WHAT IS REQUIRED: The required output is the run of lines from the one holding "Liverpool Pier Head" through the final line of the listing, restated word for word, with no pictures.

RECORDED DATA:
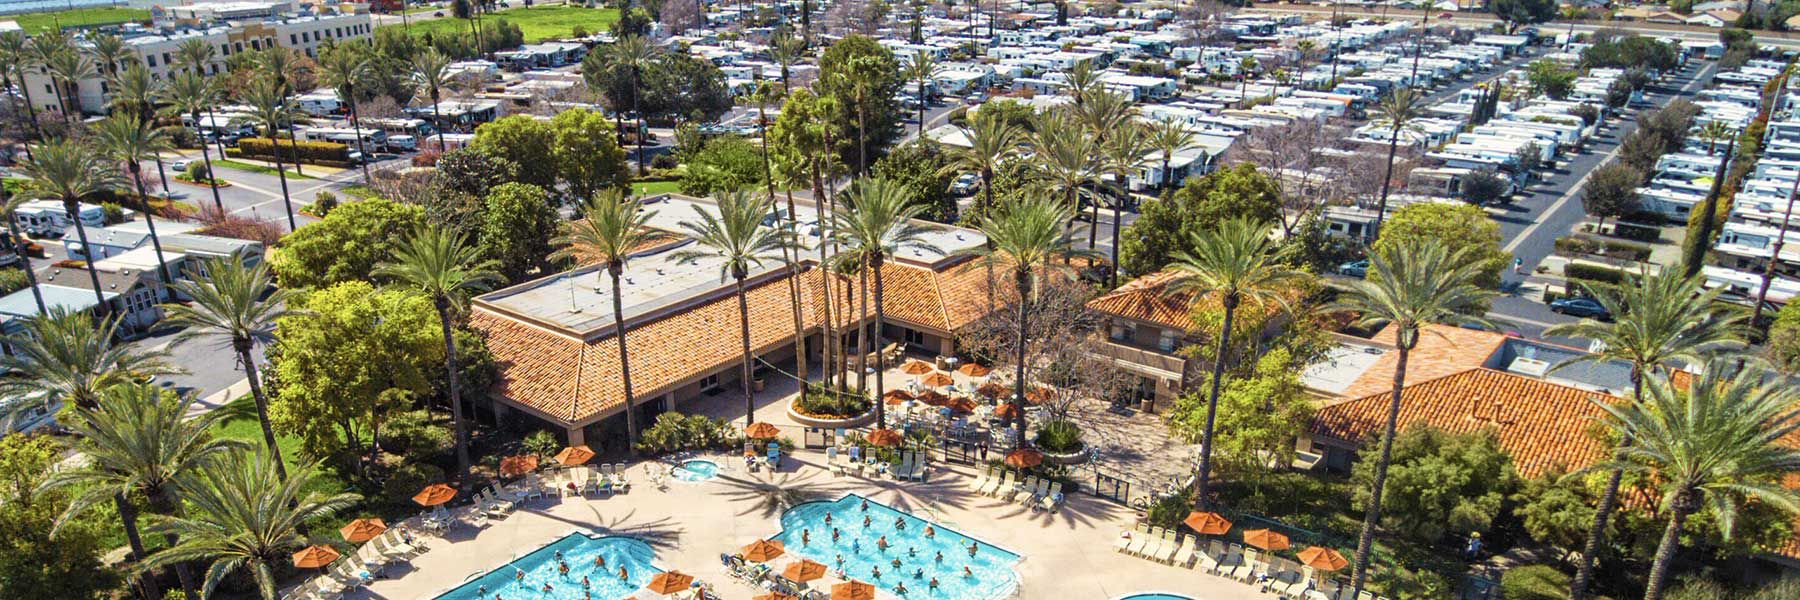 Resort map of Golden Village Palms Hemet California
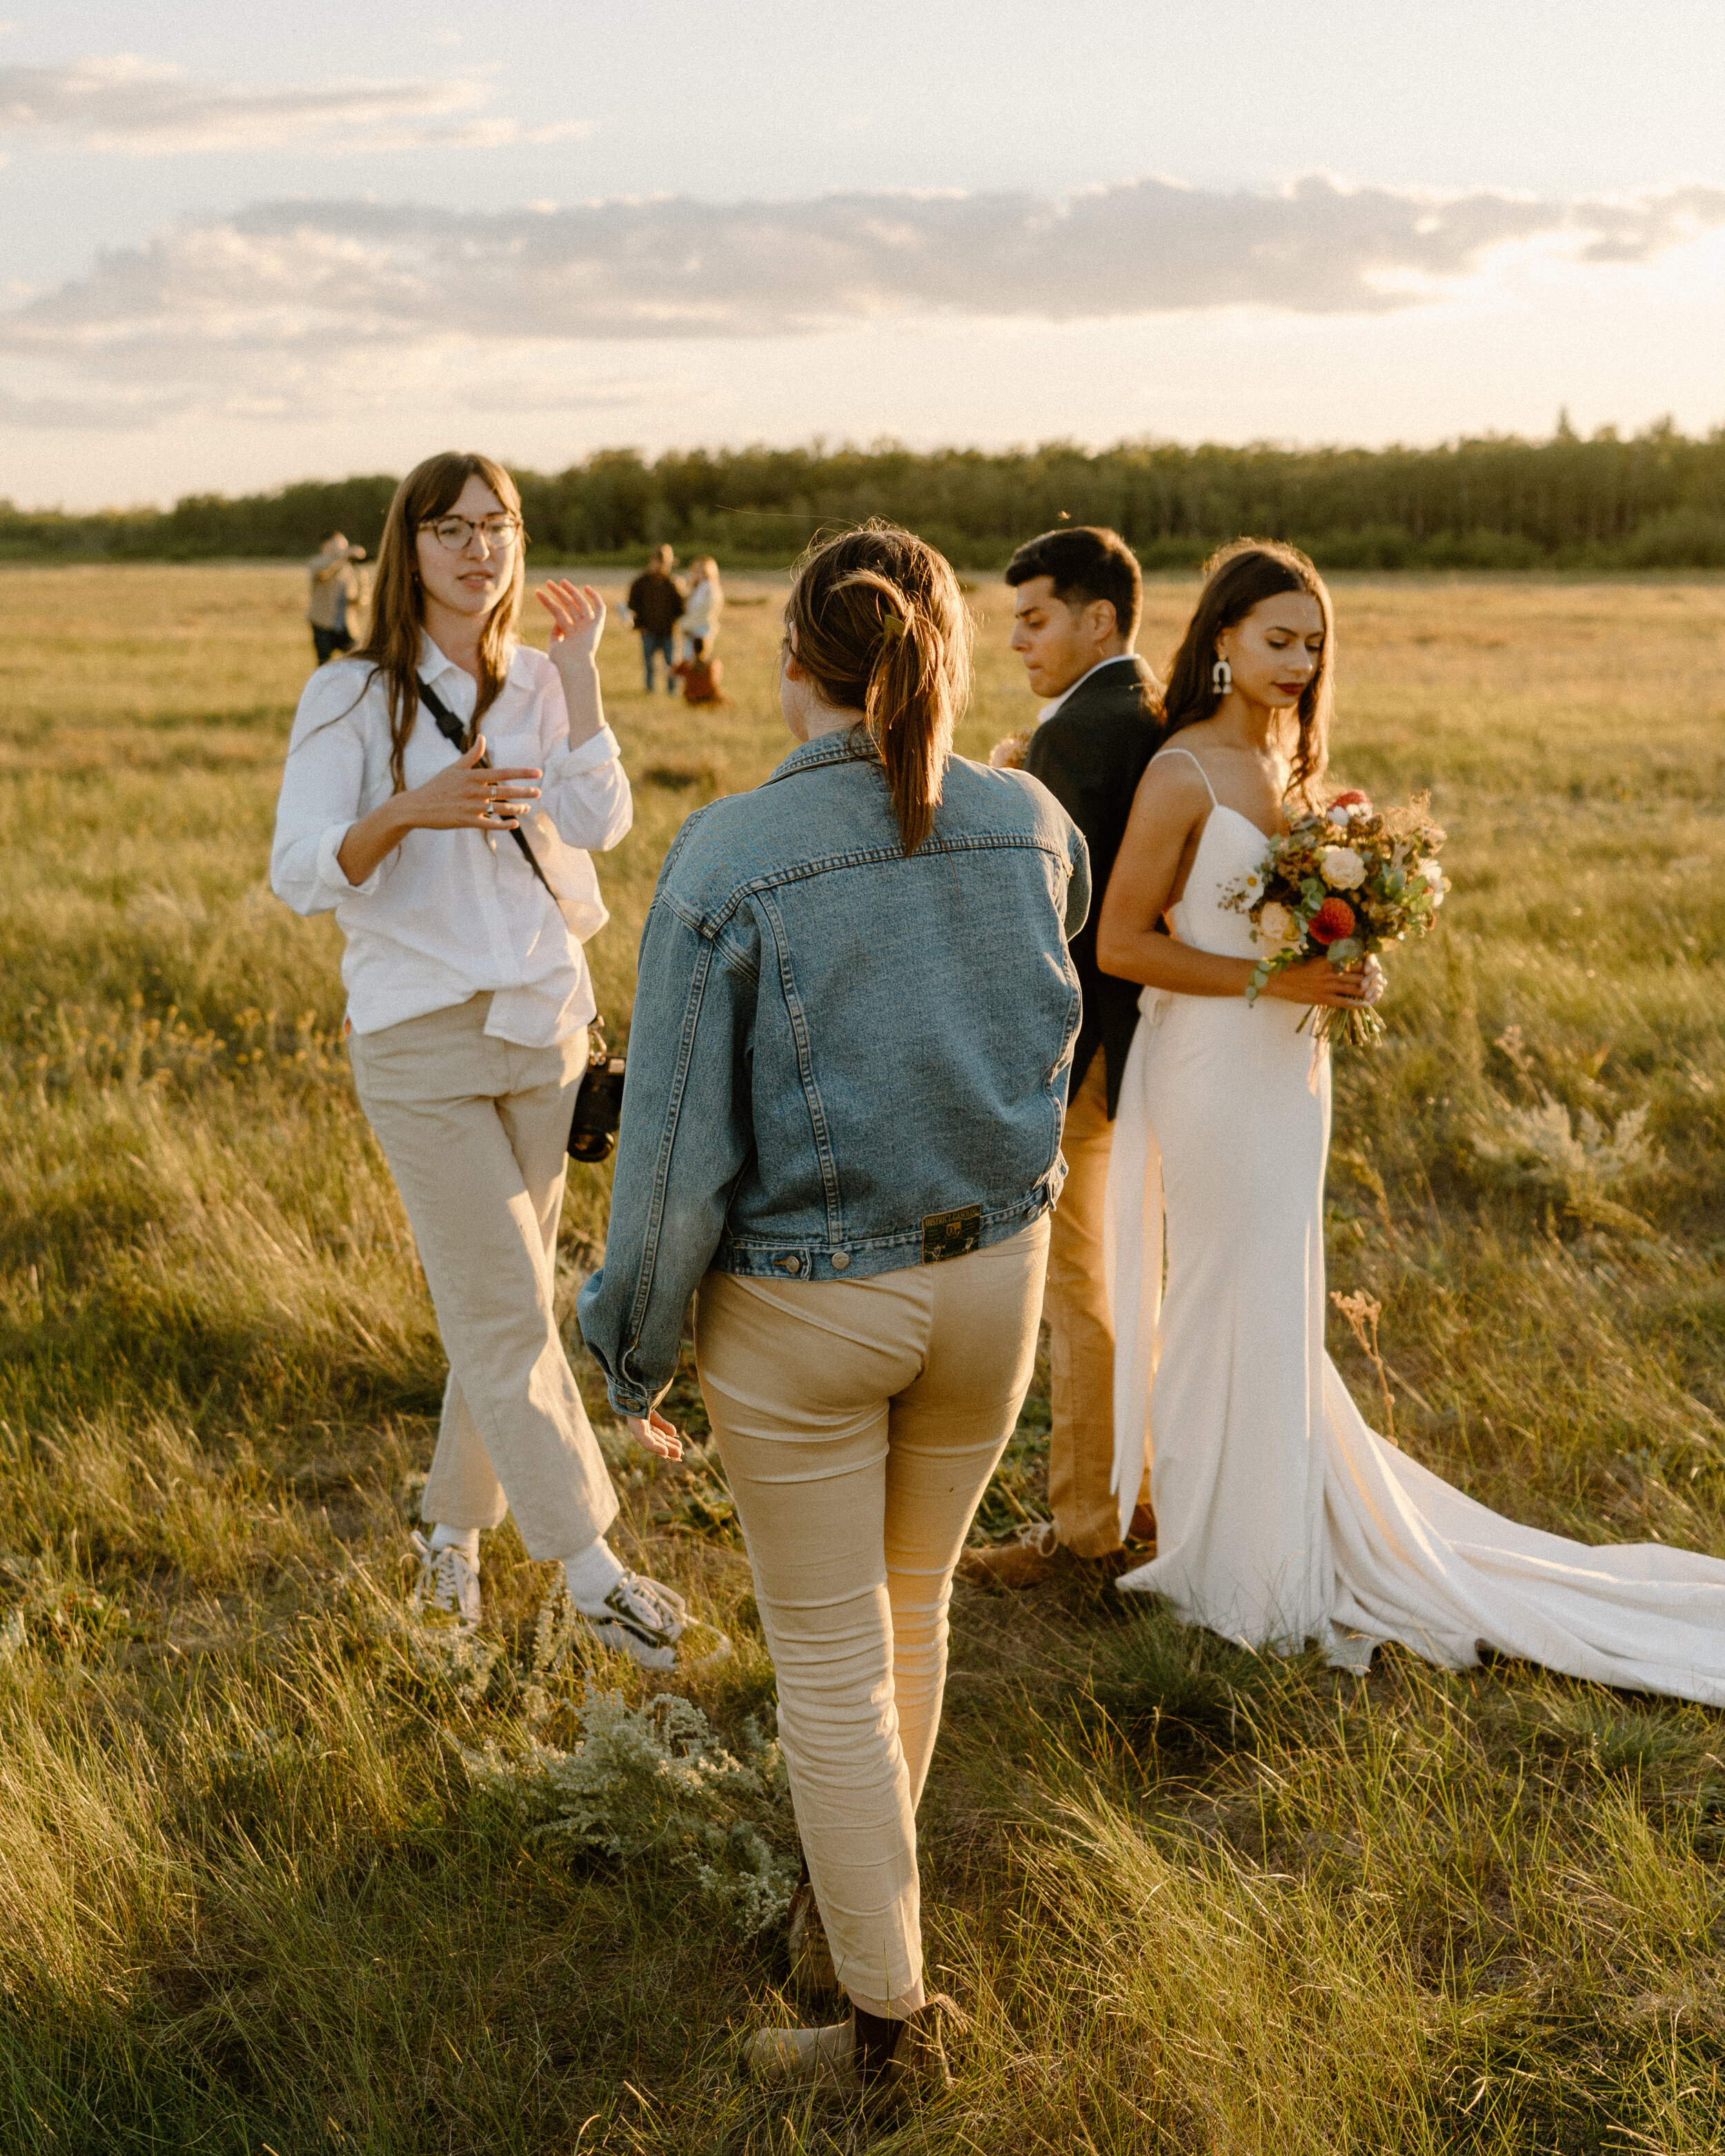 Stay-Close-2020-Wedding-Workshop-Brooke-Mos-Photography-03974.jpg
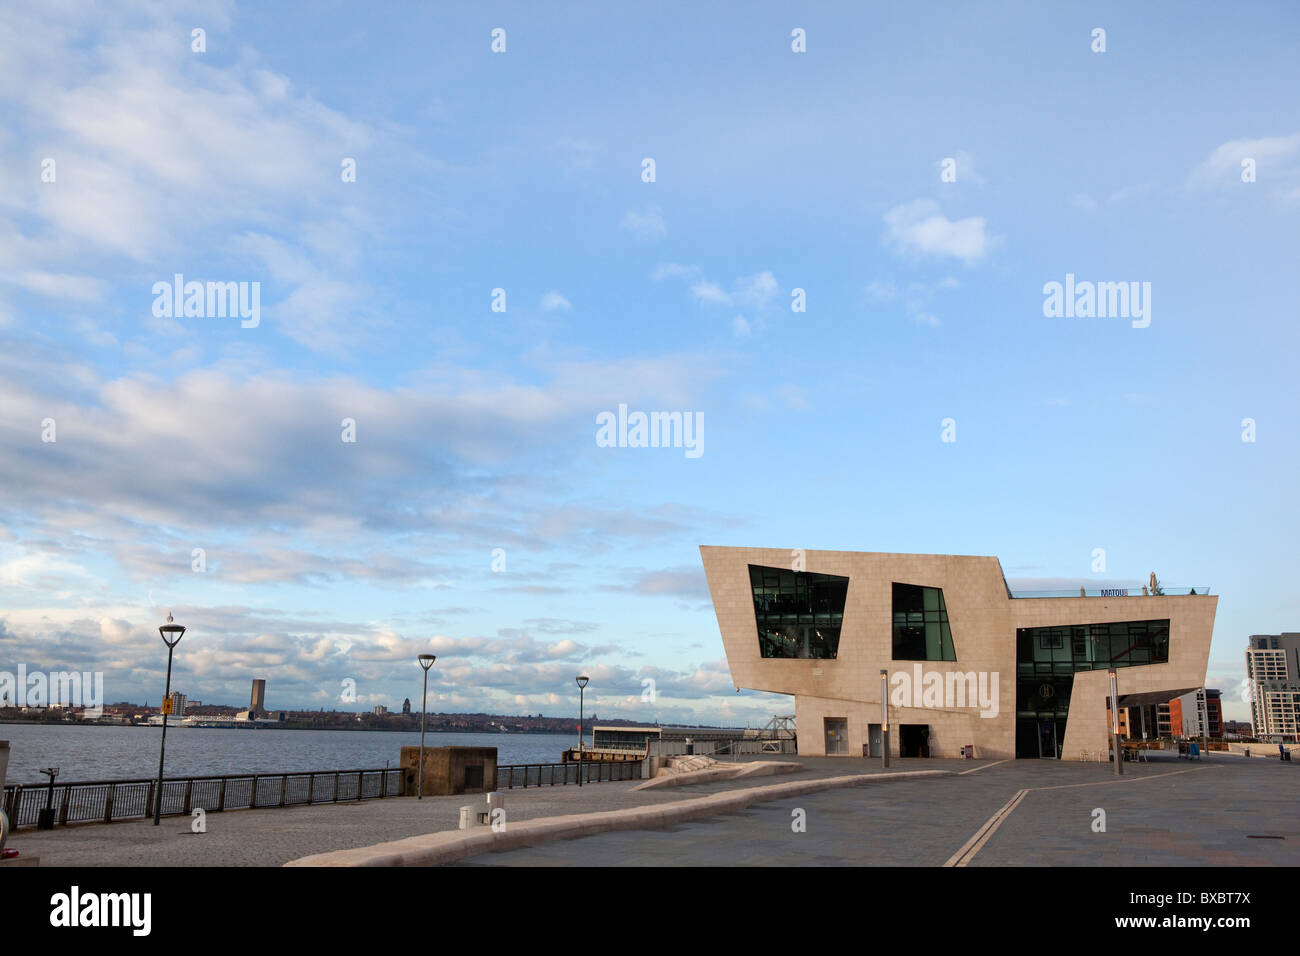 Liverpool Pier Head Ferry Terminal, Stock Photo
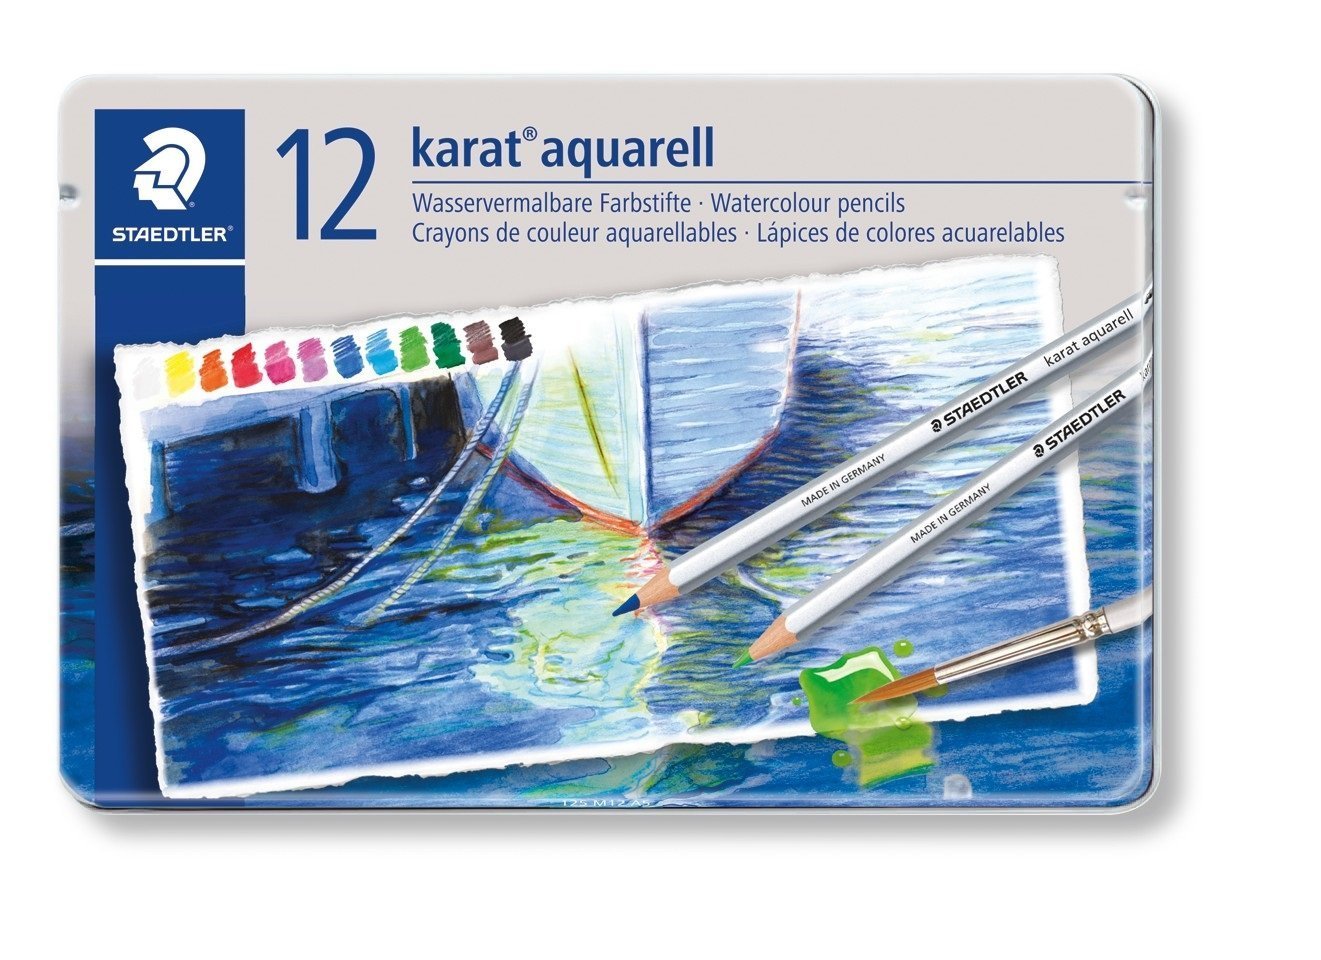 Staedtler - Karat aquarell watercolour pencil, 12 pcs - Leker

ANSWER SPACE:
 Liverpool Pier Head Ferry Terminal, Stock Photo
 Staedtler - Karat aquarell watercolour pencil, 12 pcs - Leker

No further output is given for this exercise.